– Вполне, – согласился Степан, – природа-то всяких магий одна, национальность в этих чудесах никакой роли не играет.
– А кремнёвка? Куда она подевалась?
– Не знаю. Да и вряд ли кто знает! Это оружие сугубо личное. Помирать Амака в тайгу ушёл. Дэги с ним была. Она потом без него вернулась. Наверное, и о ружье знает. Да разве скажет? Занятно было бы с ним поохотиться.
Степан был готов рассказывать подобные истории бесконечно, лишь бы отвлечь друга от мрачных мыслей о Дэги. Но тот слушал, поддакивал, задавал вопросы, а думками всё одно возле неё кружил, потому что вдруг грохнул по столу кулаком и застонал от душевной боли:
– Что же мне делать, Стёпка? Что же мне делать без неё, скажи?
И Степан тоже кулаком к столу приложился, да так, что опрокинулись стаканы.
– Ждать! Она же Асаткан Дэги – «женщина-птица». А птицы всегда возвращаются в родные края!
Как бы ни шла жизнь человека в расплеске волнующих приключений, удач и побед или в жухлости полускотского существования, в постоянных потугах на добычу куска хлеба, однажды, чаще всего в моменты душевного надлома, который бывает не только в сосуде скудельном, но и в сытости, засвербит в голове вопрос: «А кто ты? Зачем ты? Что понатворил ты на этой временной станции на пересадочном пути к небу? Что после себя оставляешь?»

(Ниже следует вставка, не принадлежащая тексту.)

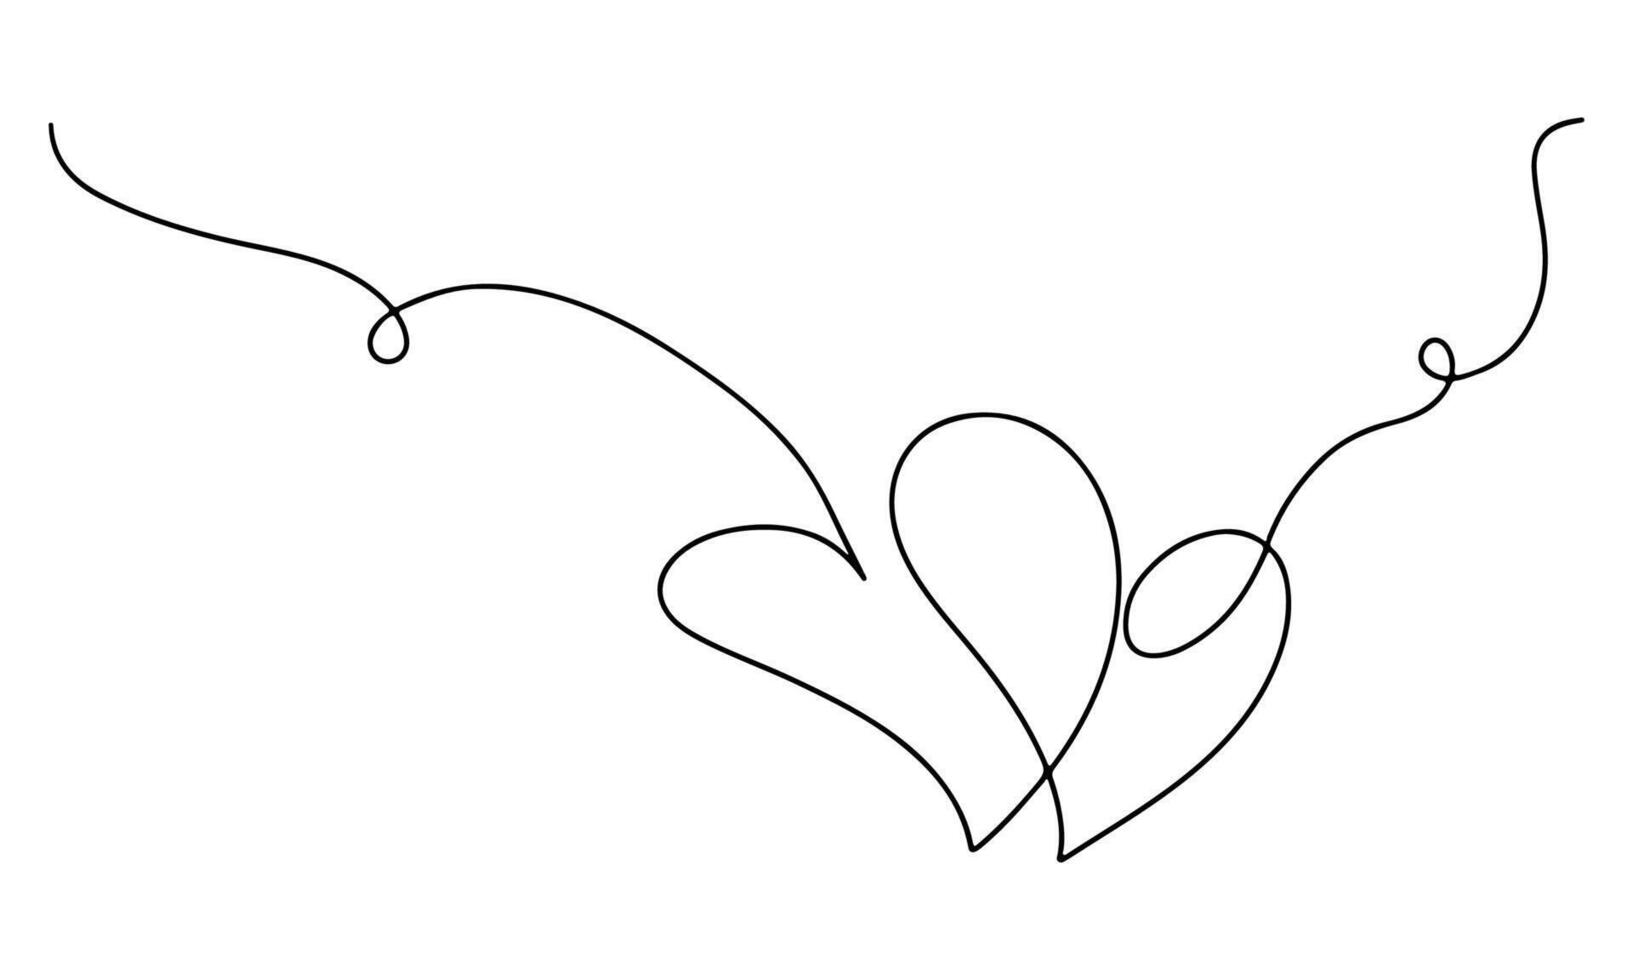 deux cœurs dans Célibataire continu doubler. main tiré style. vecteur illustration isolé sur blanche.

Загвоздилось это у Салипода на большом, шумном и по-деревенски весёлом банкете с баянами, гармошками, балалайками, затейниками и хороводами. Салипод любил устраивать такие праздники, на которых его величали, да и сам себя он чувствовал отцом родным каждому участнику.
Определенное число бражной компании составляли сельские жители, к тому же не самые выдающиеся. В основном те, кто не спился, не порушил хозяйство в брошенной властями деревне, а держал кое-какой скот, что-то сеял, сажал и выращивал и, вопреки всем кредитным, налоговым и рыночным удавкам, не хотел испускать дух. Салипод ставил таких в пример, фотографировался в обнимку для газет и телевизионных передач.
Потягивая мелкими глотками коньяк из хрустальной рюмки, губернатор наблюдал за одним гостем – кряжистым, широкогрудым и крепконогим мужиком, в белой, расшитой красными узорами, на старинный манер, по вороту и рукавам, рубашке. С полного лица его, загарно обласканного солнцем и степными ветрами, не сходила улыбка. Голубые глаза источали тепло и восторженное дружелюбие. Он то тянулся рюмкой к застольным соседям, то затягивал раздольную песню, то скороговорил зубастые частушки, то пускался в пляс. С кем-то целовался, с кем-то обнимался, кого-то задирал на шуточную потасовку. Какой-то мотор работал внутри него, заряжая неизбывной энергией. «Счастливый человек» – подумал Салипод и подобрался к нему познакомиться. Мужик не смутился, не осклабился, как бывает с людьми, не избалованными вниманием начальства. С размаху впечатал свою заскорузлую ладонь в пухлую мякоть губернаторской ладони.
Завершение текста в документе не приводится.